The goal of this design is to develop a neural network acceleration card based on the PCIE interface, aimed at accelerating the digital recognition process of vehicle license plates. By integrating a high-performance neural network accelerator, the card will enable rapid processing of license plate localization, number segmentation, and recognition to meet the host's stringent requirements for real-time performance and accuracy.
This PCIE acceleration card is primarily intended for use in intelligent transportation systems, parking management systems, and vehicle monitoring systems. By enhancing the speed and accuracy of license plate recognition, these systems can achieve a higher degree of automation and improve user experience.
- Efficient Neural Network Accelerator: Utilizes CNN algorithms for license plate number recognition, featuring strong anti-interference capability and accurate recognition performance.
- Hardware Resource Optimization: Saves FPGA hardware resources and improves computational efficiency by reusing convolutional layers, simplifying the softmax layer, and employing dynamic fixed-point quantization technology.
- High-Speed PCIE Interface: Leverages the PCIE interface for high-speed data transmission between the host and the card, ensuring real-time performance requirements are met.
- Modular Design: The system adopts a modular design, which facilitates future maintenance and functional expansion.
- Processing Speed: Recognition time for each license plate is under 20 ms.
- Resource Utilization: FPGA resource usage is controlled within a reasonable range, ensuring stable system operation.
- Power Consumption: Overall power consumption is kept low to meet energy-saving requirements.
-
Optimization of Neural Network Accelerator:
The neural network accelerator is specially optimized for license plate recognition tasks, employing a two-stage pipelining approach in the convolutional kernels to increase recognition speed and accuracy. -
Hardware Resource Reuse:
Through the reuse of convolutional layer designs, FPGA hardware resources are effectively conserved. Given that two convolutional layers in the neural network are of similar size, hardware design allows for maximum reuse, saving hardware resources. Finally, 8-bit dynamic fixed-point quantization is applied to network parameters and intermediate calculations, addressing limitations of FPGA resources and slow floating-point computation speed while ensuring computational precision. -
Dynamic Fixed-Point Quantization:
This design employs 8-bit dynamic fixed-point quantization for network parameters and intermediate calculation results, solving issues with limited FPGA resources and slow floating-point calculations. In this implementation, 8-bit signed fixed-point numbers are used to quantify data.

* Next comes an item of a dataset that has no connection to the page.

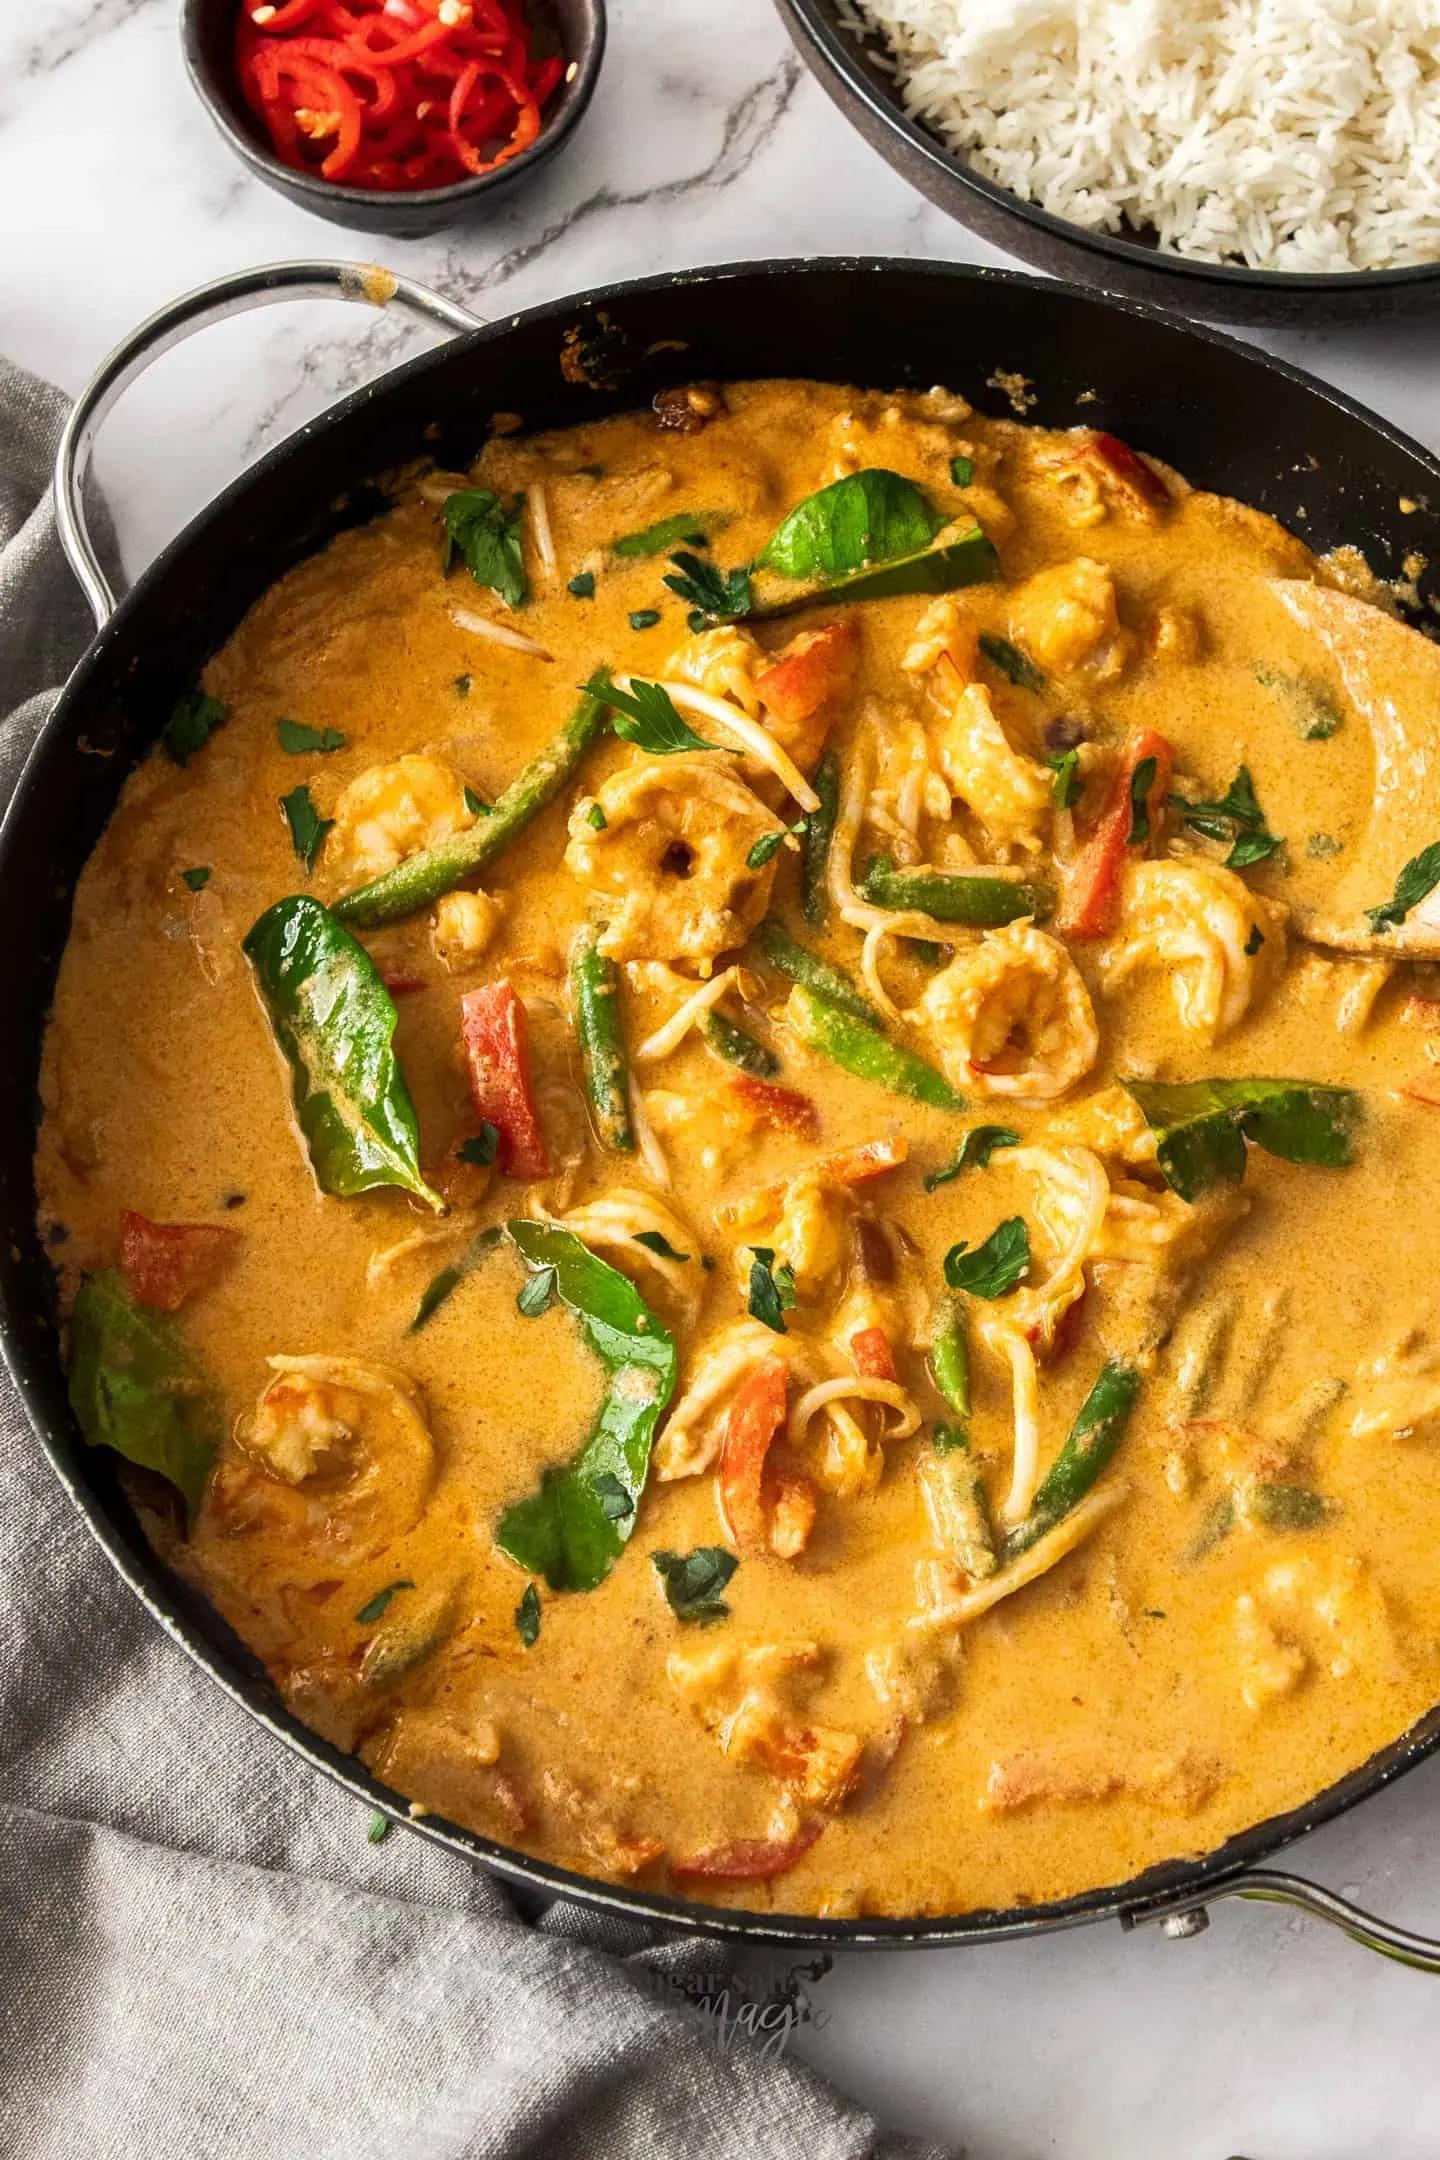 Want a simple curry that is rich and tasty? This Thai Panang Curry with ...

Since the dynamic range of fixed-point numbers is small and neural networks involve many multiply-accumulate operations, there is a risk of the accelerator's results exceeding the representation range of these fixed-point numbers, which could significantly affect the accuracy of the neural network model. To address this, a dynamic mechanism is introduced. When computing between two vectors, the decimal point position for each element in a vector is consistent, but the decimal positions of the two vectors can differ. After computation, the result is trimmed to 8 bits, and this trimming process is also dynamically configurable, allowing the decimal point position of the result to be set dynamically. -
Data Alignment in Computation Units:
Since 8-bit dynamic fixed-point numbers are used in this neural network computation, decimal positions may shift after multiplication and addition. In the computation of the next network layer, differences in decimal places between two fixed-point numbers can result in errors when values are summed. Thus, after completing calculations for one layer, the results need to be adjusted to align with the format of the fixed-point numbers used in the next layer’s weight data.